I migliori Paesi dove crescere i propri Figli

I migliori Paesi dove crescere i propri Figli

Immaginate il vostro futuro intrecciato con quello del vostro partner. Dopo aver completato un percorso di istruzione e formazione venite catapultati insieme, da un giorno all’altro, in una realtà lavorativa, magari nella vostra città preferita.

Dopo qualche tempo, raggiunti un’età matura, pensiate che un letto matrimoniale sia troppo largo per due persone e di allargare quindi la vostra famiglia.

Ma quanto incide la realtà di un paese per crescere un figlio?

Il dubbio a questa domanda è stato sciolto dalla Wharton School dell’Università della Pennsylvania (Usa) che ogni anno stila, dal 2016, una classifica dei migliori paesi dove crescere il proprio pargolo.

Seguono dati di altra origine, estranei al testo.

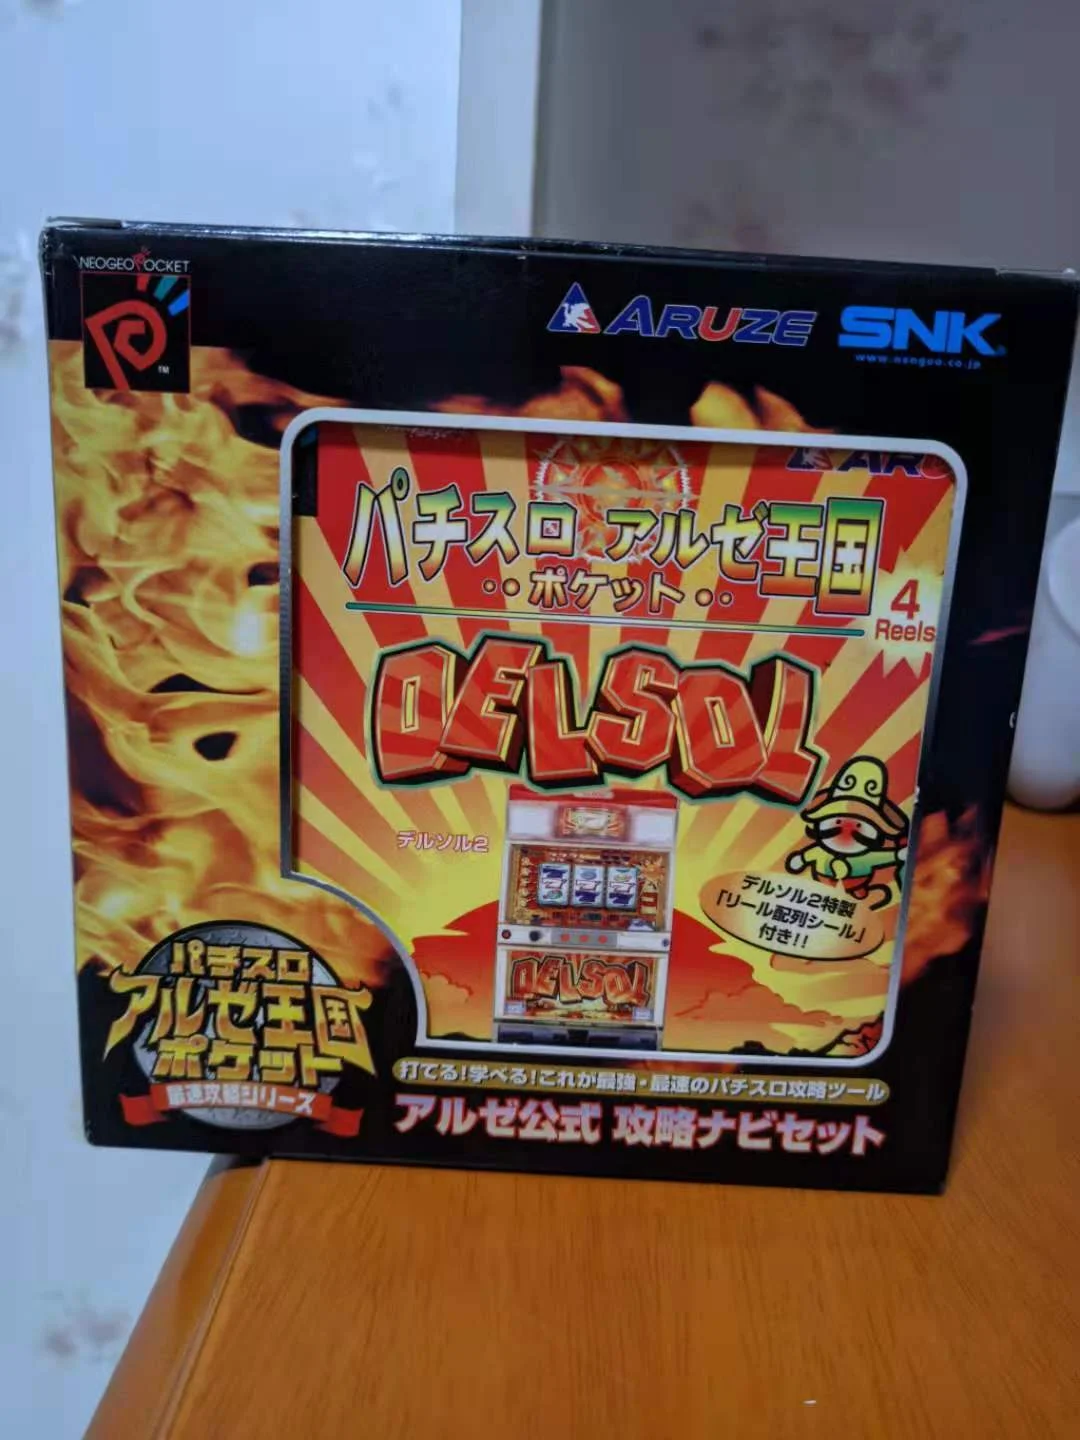  Neo Geo Pocket Color Pachi Slot Bundle

Attraverso un campionamento in Europa, Asia, Africa, Americhe e Medio Oriente sono state analizzate 73 nazioni.

Le valutazioni sono stati assegnati in base a parametri specifici: qualità e i costi dell’istruzione, la tutela dei diritti umani, la sicurezza dei cittadini, congedi per maternità e paternità, l’equità tra i sessi e l’ecosostenibilità.

Com’era prevedibile, i Paesi scandinavi sono i protagonisti assoluti di questa speciale classifica, con la Danimarca che conquista il primato, accompagnata sul podio da Svezia e Norvegia, seguiti da Canada e Paesi Bassi.

L’Italia occupa la sedicesima posizione, preceduta da Germania, Francia e Spagna.

Un risultato agrodolce, considerato anche il posizionamento di paesi come Stati Uniti d’America e Giappone, rispettivamente diciottesimi e diciannovesimi. Fanalini di coda sono il Kazakistan, seguito dal Libano, Guatemala, il Myanmar e l’Oman.